Hiperemesis gravidarum adalah mual dan muntah berlebihan selama masa hamil. Muntah yang membahayakan ini dibedakan dari morning sickness yang normal dialami wanita hamil karena  intensitasnya  tidak melebihi muntah normal dan berlangsung selama trimester pertama kehamilan. Sehubungan dengan adanya ketonemia, penurunan berat badan dan dehidrasi, hiperemesis gravidarum dapat terjadi di steiap trimester, biasanya diawali pada trimester pertama dan menetap selama kehamilan dengan tingkat keparahan bervariasi. Kondisi ini perlu dibedakan dari penyakit lain seperti kolesistitis, pancreatitis, hepatitis dan penyakit gondok. Ptialisme, peningkatan produksi kelenjar ludah yang berlebihan, dihubungkan dengan mual muntah berat selama masa hamil. Pada kondisi ini, wanita tidak mampu menelan saliva dan selama hamil terus menerus mengeluarkan satu hingga dua liter ludah per hari.

2.        Etiologi
Stright (2005) menjelaskan bahwa etiologi hiperemesis gravidarum belum jelas; perkiraan faktor-faktor penyebabnya meliputi:
1.      Kada HCG yang tinggi pada awal kehamilan
2.      Defisiensi metabolik atau nutrisi
3.      Lebih umum terjadi pada kehamilan wanita kulit putih yang tidak menikah dan kehamilan pertama
4.      Ambivalen terhadap kehamilan atau sters terkait dengan keluarga
5.      Disfungsi tiroid

Berikut ini adalah hal-hal yang menjadi penyebab hiperemesis gravidarum (Hidayati, 2009).

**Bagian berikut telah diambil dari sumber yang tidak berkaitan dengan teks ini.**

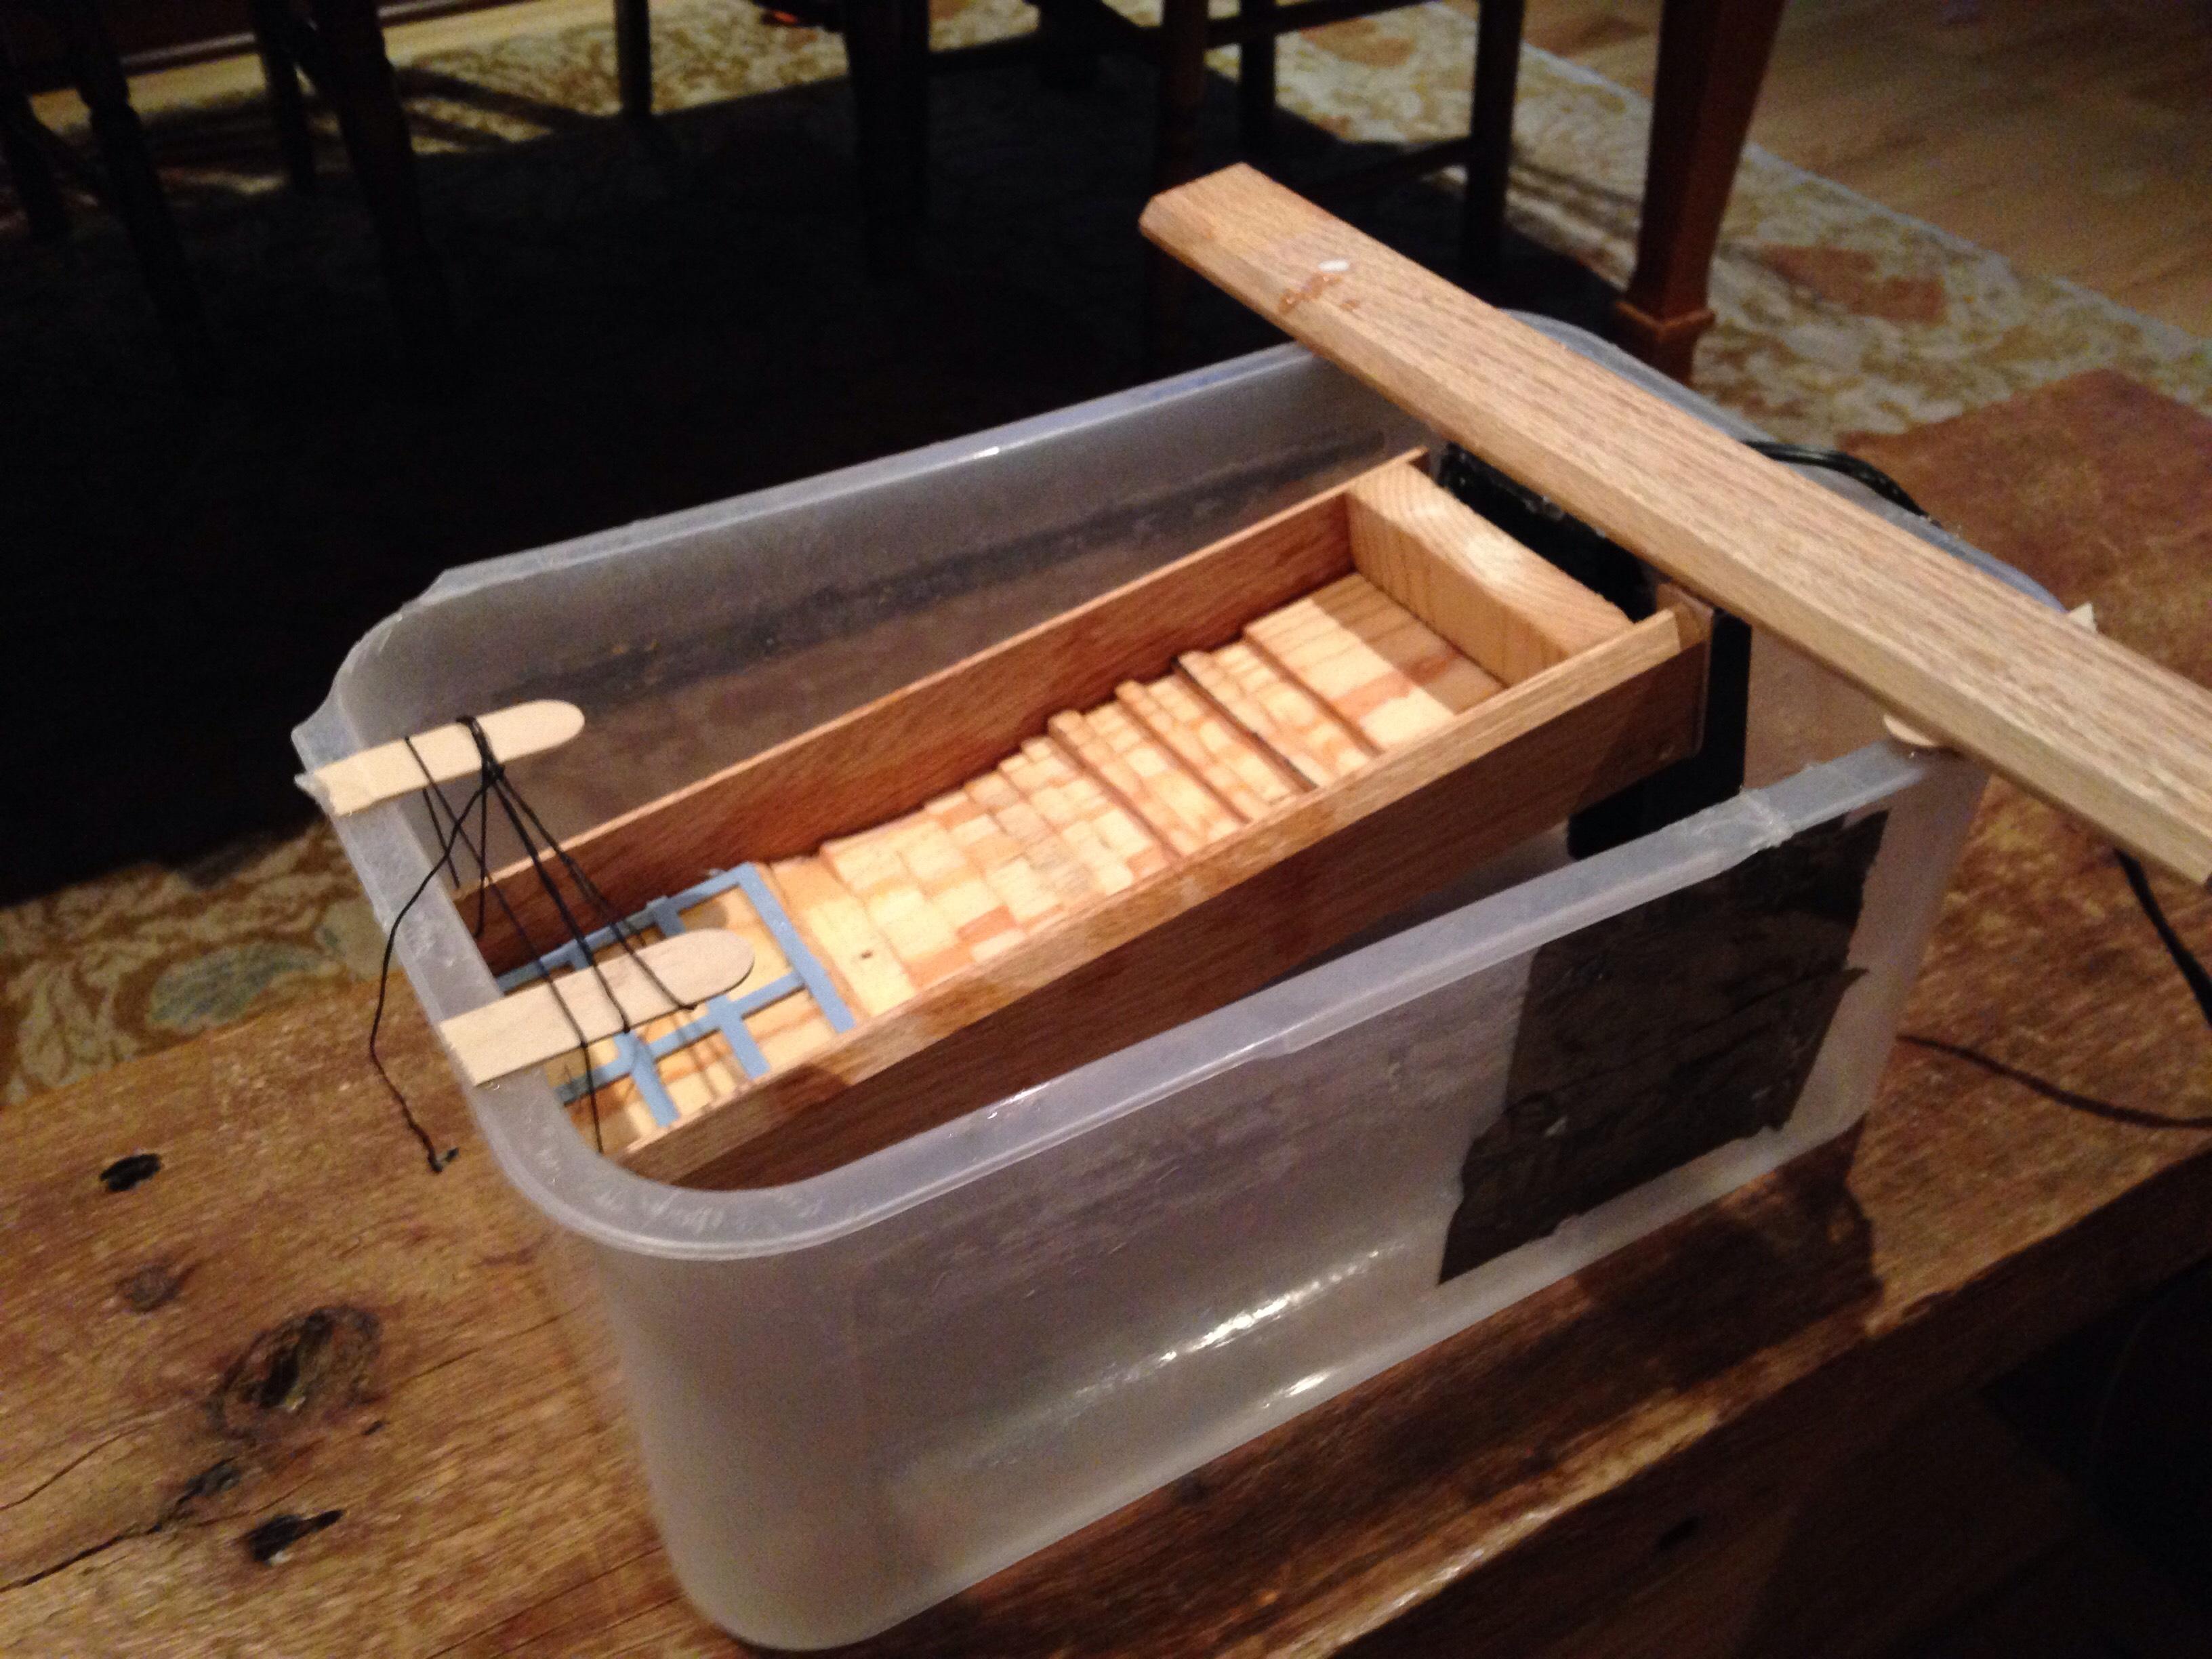 Picture of Homemade Recirculating Sluice Box

1.      Sering terjadi pada prima gravida, molahidatidosa, dan kehamilan ibu akibat peningkatan kadar HCG.
2.      Faktor organik, karena masuknya vili korialis dalam sirkulasi maternal dan perubahan metabolik.
3.      Faktor Psikologi. Seperti keretakan rumah tangga, kehilangan pekerjaan, rasa takut terhadap kehamilan dan persalinan, takut memikul tanggung jawab, dan sebagainya.

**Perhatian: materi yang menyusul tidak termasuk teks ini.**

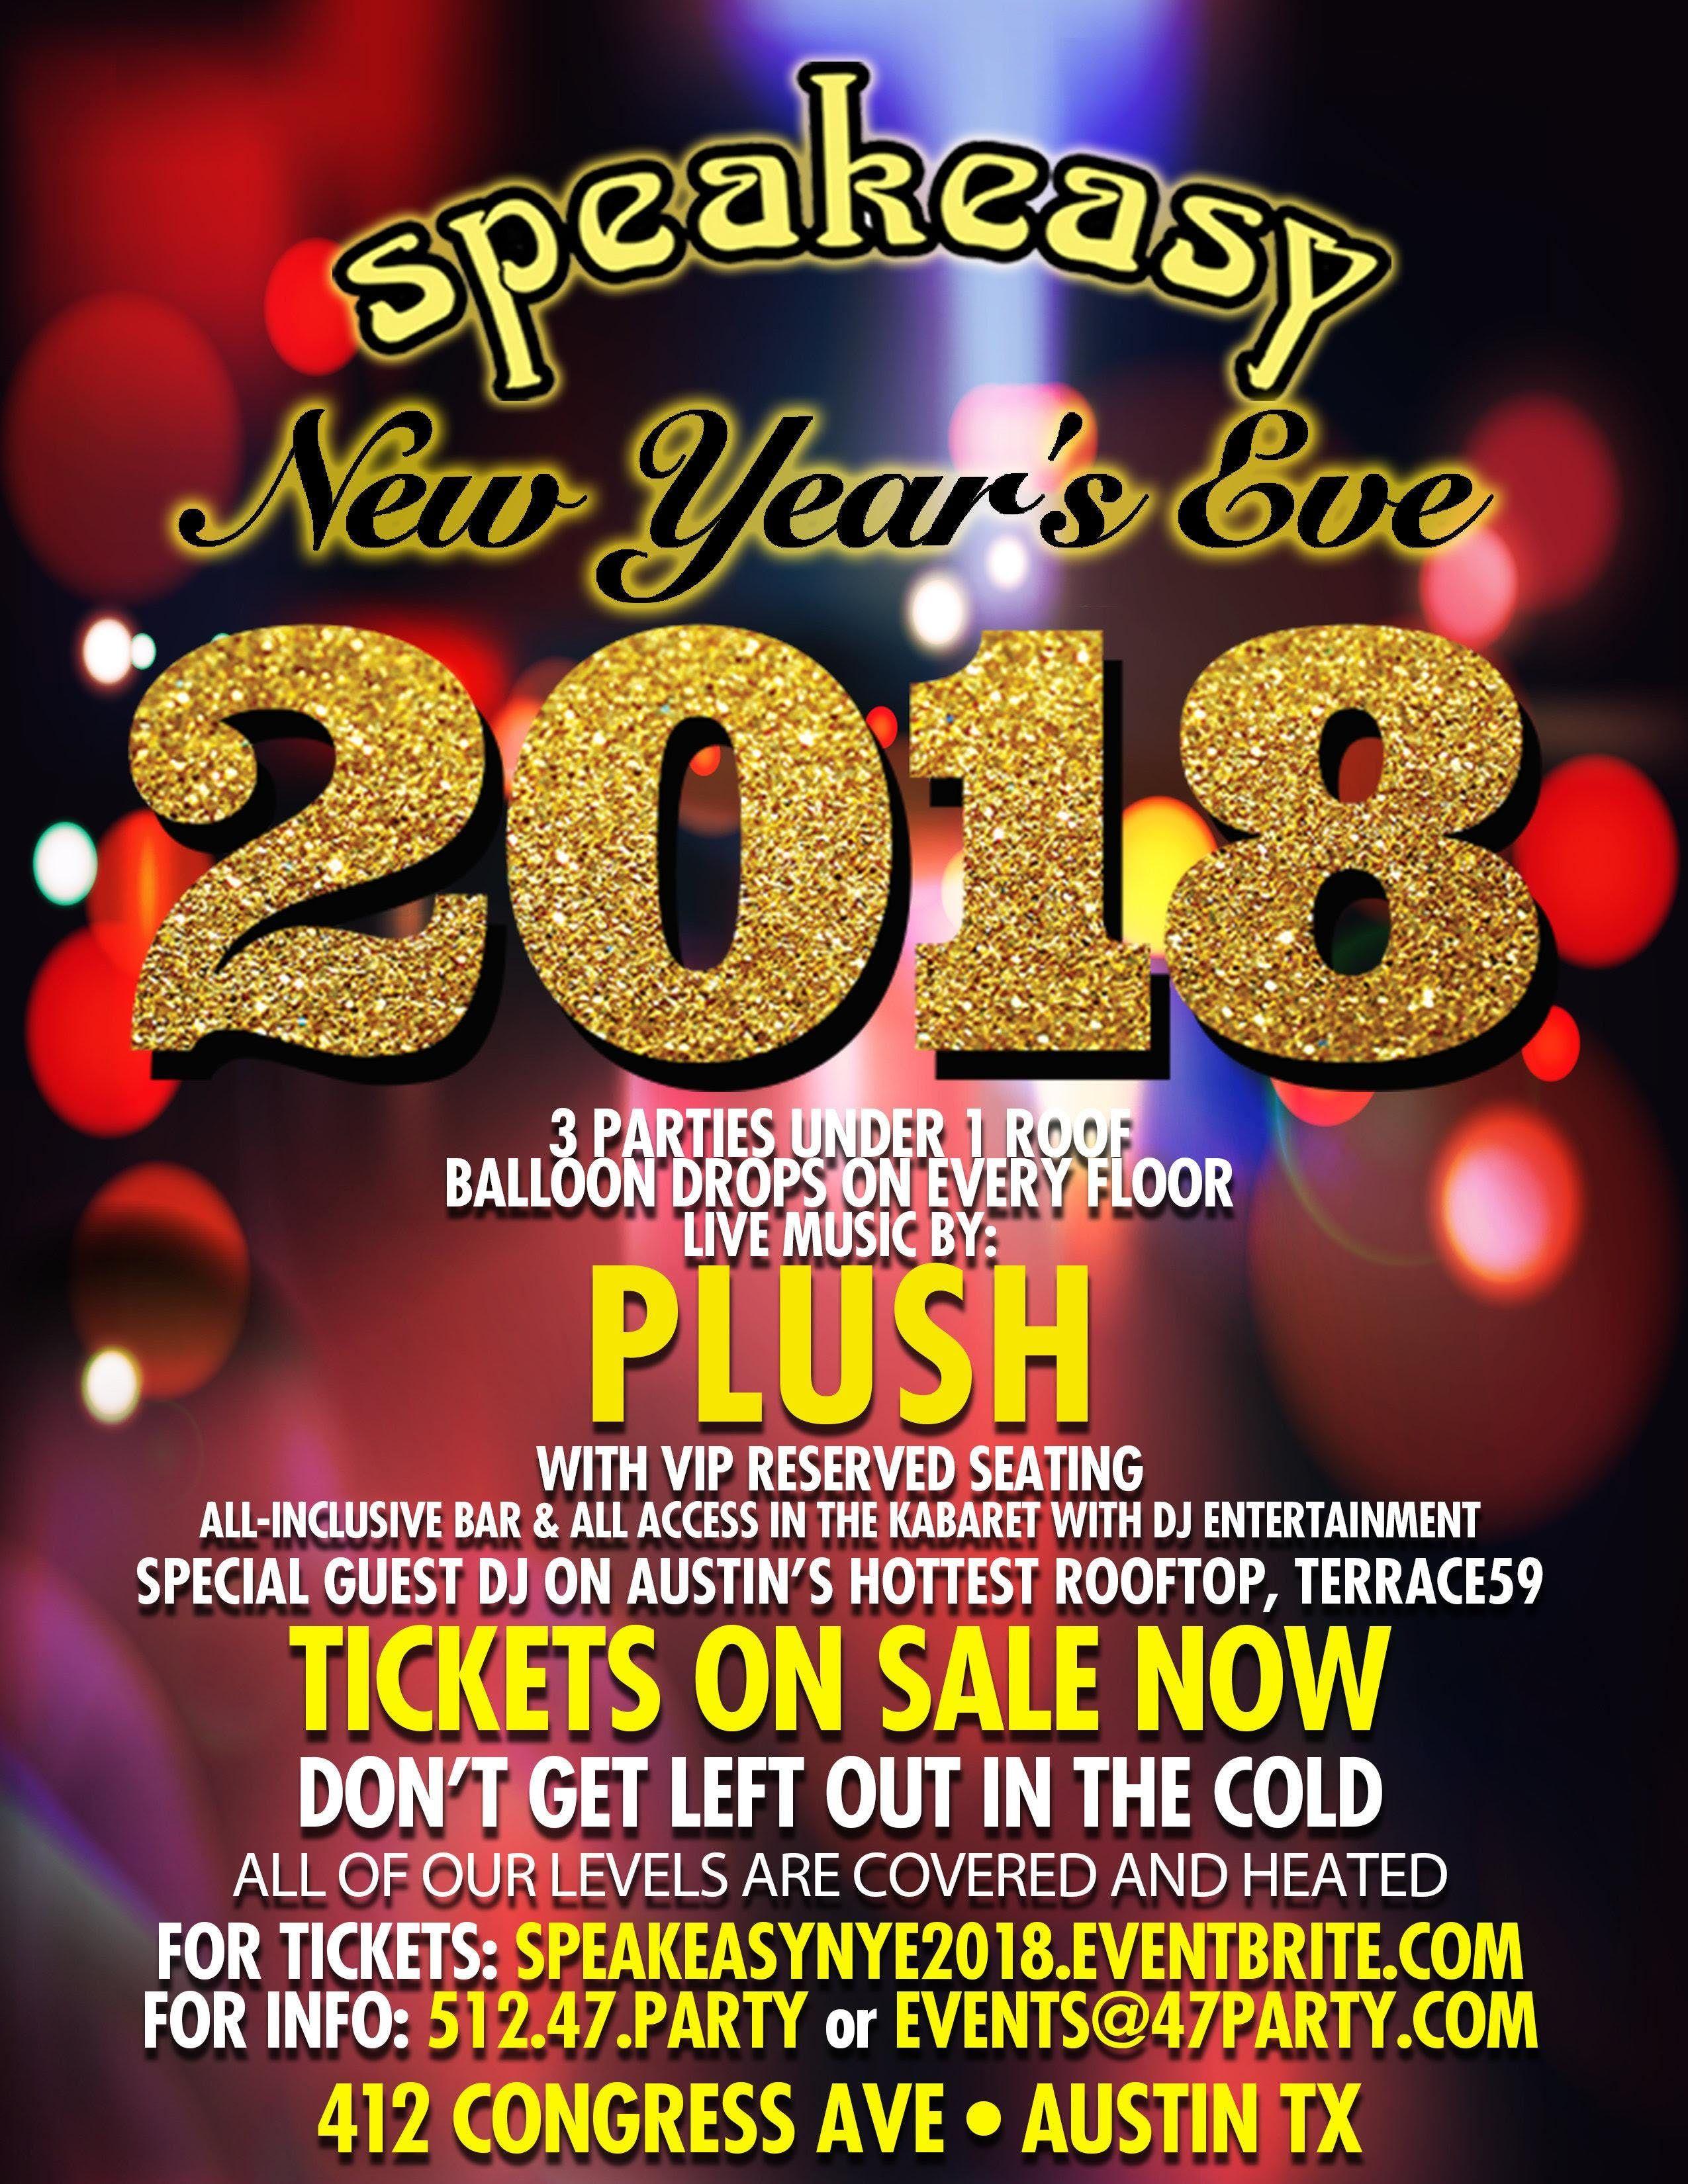 Speakeasys Legendary New Years Eve Bash 2018

4.      Faktor endokrin lainna: hipertiroid, diabetes, dan sebagainya.
Penyebab hiperemesis gravidarum belum diketahui secara pasti. Tidak ada bukti bahwa penyakit ini disebabkan oleh faktor toksik; juga tidak ditemukan kelaian biokimia. Perubahan-perubahan anatomic pada otak, jantung, hati dan susunan saraf, disebabkan oleh kekurangan vitamin (Manuaba dkk, 2009).

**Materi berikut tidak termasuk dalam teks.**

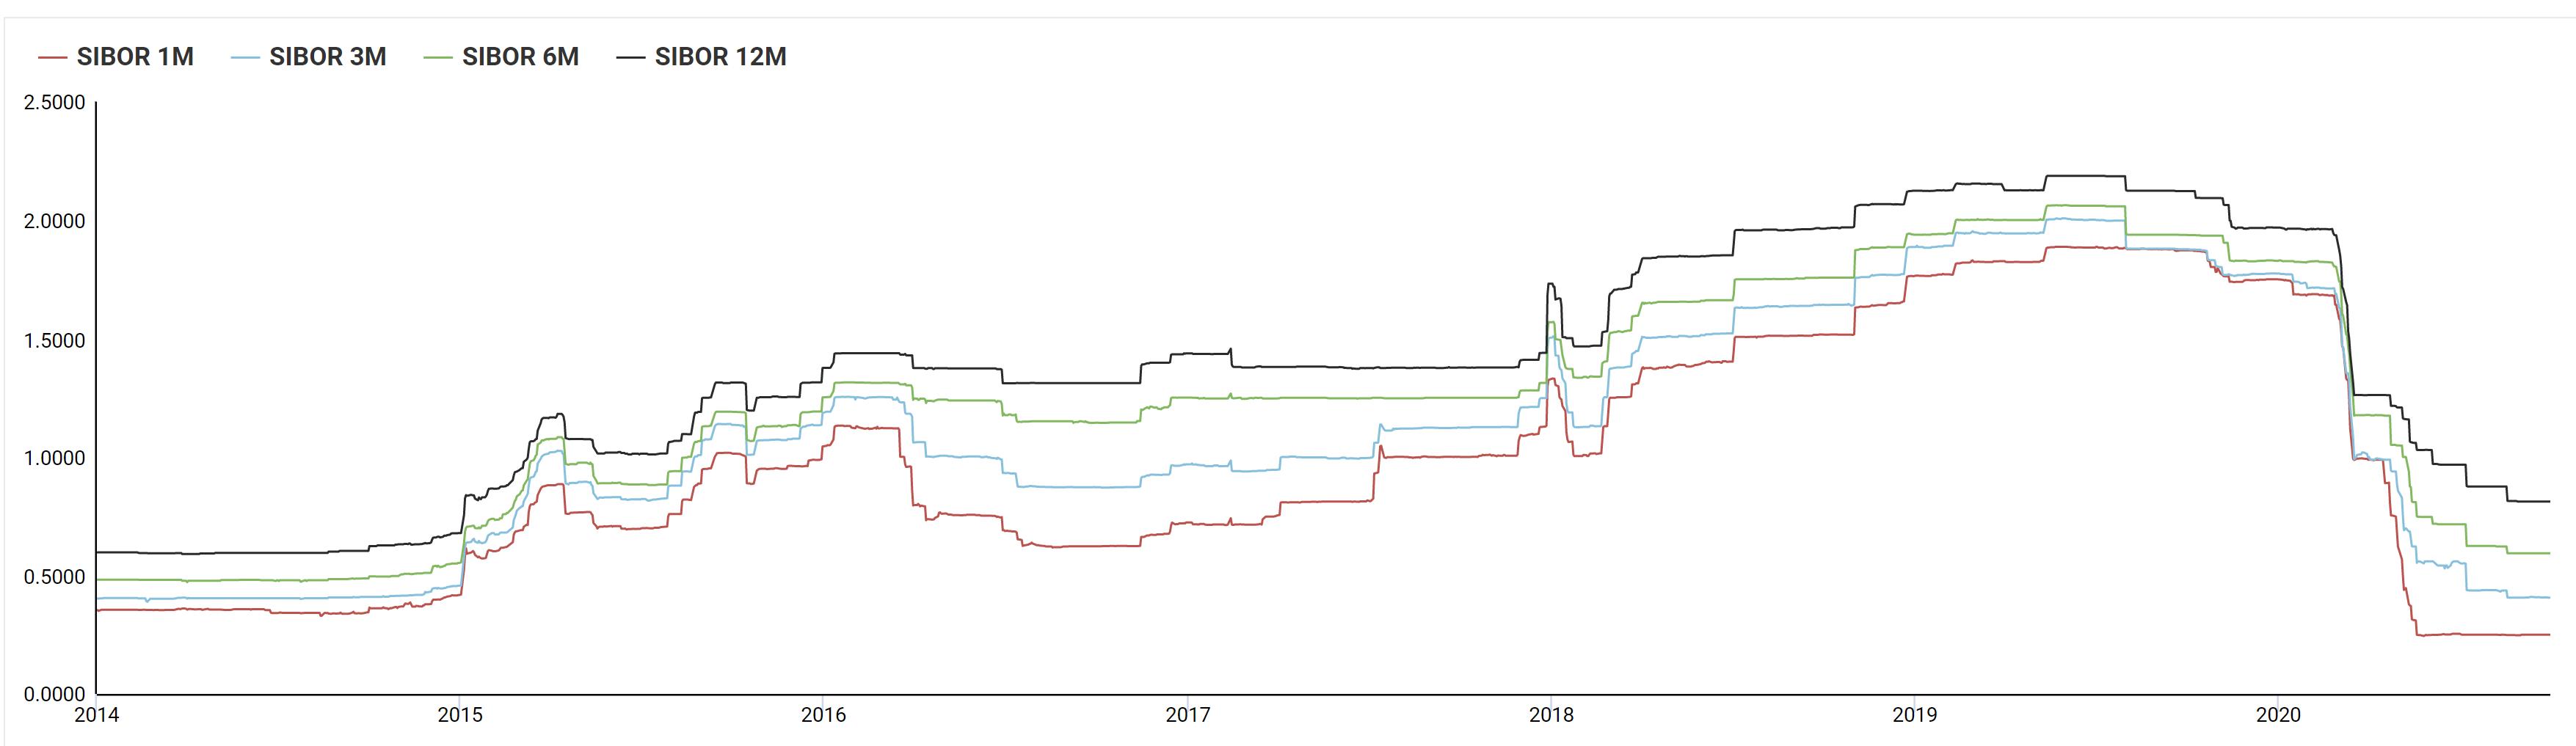 sibor rate singapore chart sep 2020

Manuaba (1998), beberapa faktor predisposisi dan faktor lain yang telah ditemukan oleh beberapa penulis sebagai berikut:
1.      Faktor adaptasi dan hormonal
Faktor predisposisi yang sering dikemukakan adalah primigravida, mola hidatidosa dan kehamilan ganda. Frekuensi yang tinggi pada mola hidatidosa dan kehamilan ganda menimbulkan dugaan bahwa faktor hormone memegang peranan karena pada kedua keadaan tersebut hormone khorionik gonadotropin dibentuk berlebihan.
2.      Alergi
Sebagai salah satu respon dari jaringan ibu terhadap anak, juga disebut sebagai salah satu faktor organic.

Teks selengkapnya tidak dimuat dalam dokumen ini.